[Task input — start]

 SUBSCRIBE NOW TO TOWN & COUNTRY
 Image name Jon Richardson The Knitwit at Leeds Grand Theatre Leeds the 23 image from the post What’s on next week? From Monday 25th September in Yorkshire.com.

[Task input — finish]
[Task input — start]

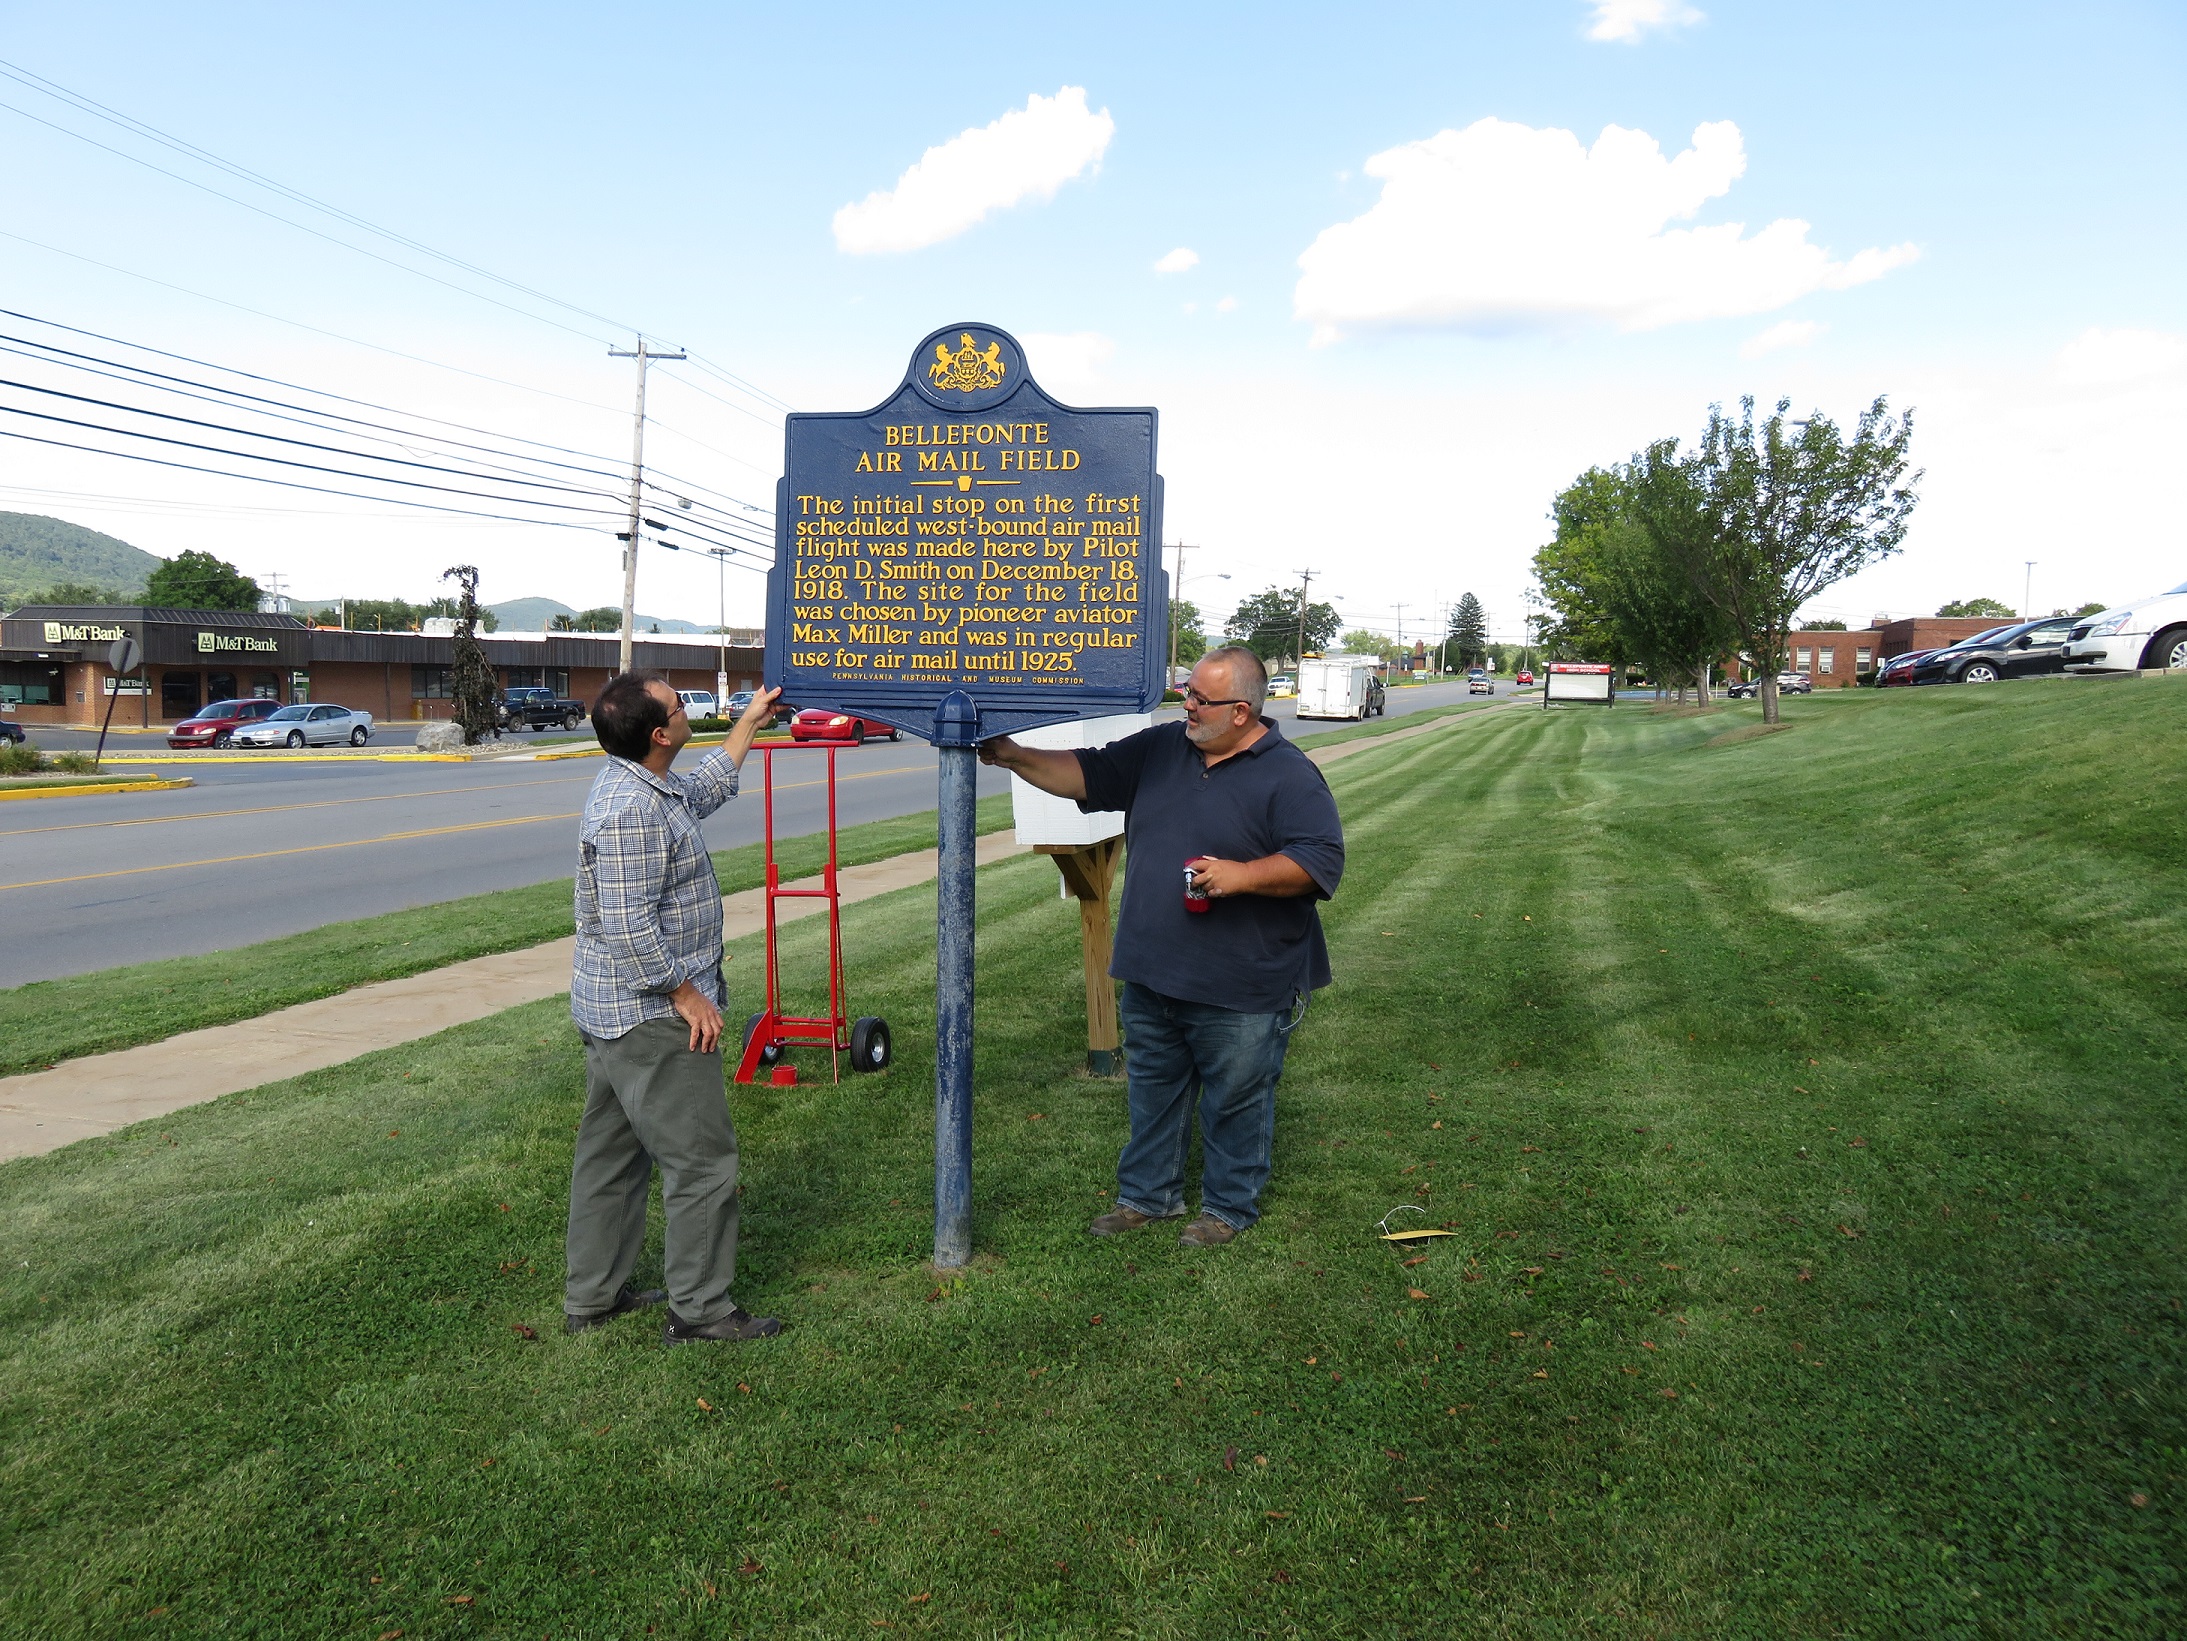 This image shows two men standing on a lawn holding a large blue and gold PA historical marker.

[Task input — finish]

#### Work task:
Take from the material above the lines running from the one with "SUBSCRIBE NOW TO TOWN & COUNTRY" through the one with "Image name Jon", and repeat them exactly, with nothing else.

#### Answer area:
 SUBSCRIBE NOW TO TOWN & COUNTRY
 Image name Jon Richardson The Knitwit at Leeds Grand Theatre Leeds the 23 image from the post What’s on next week? From Monday 25th September in Yorkshire.com.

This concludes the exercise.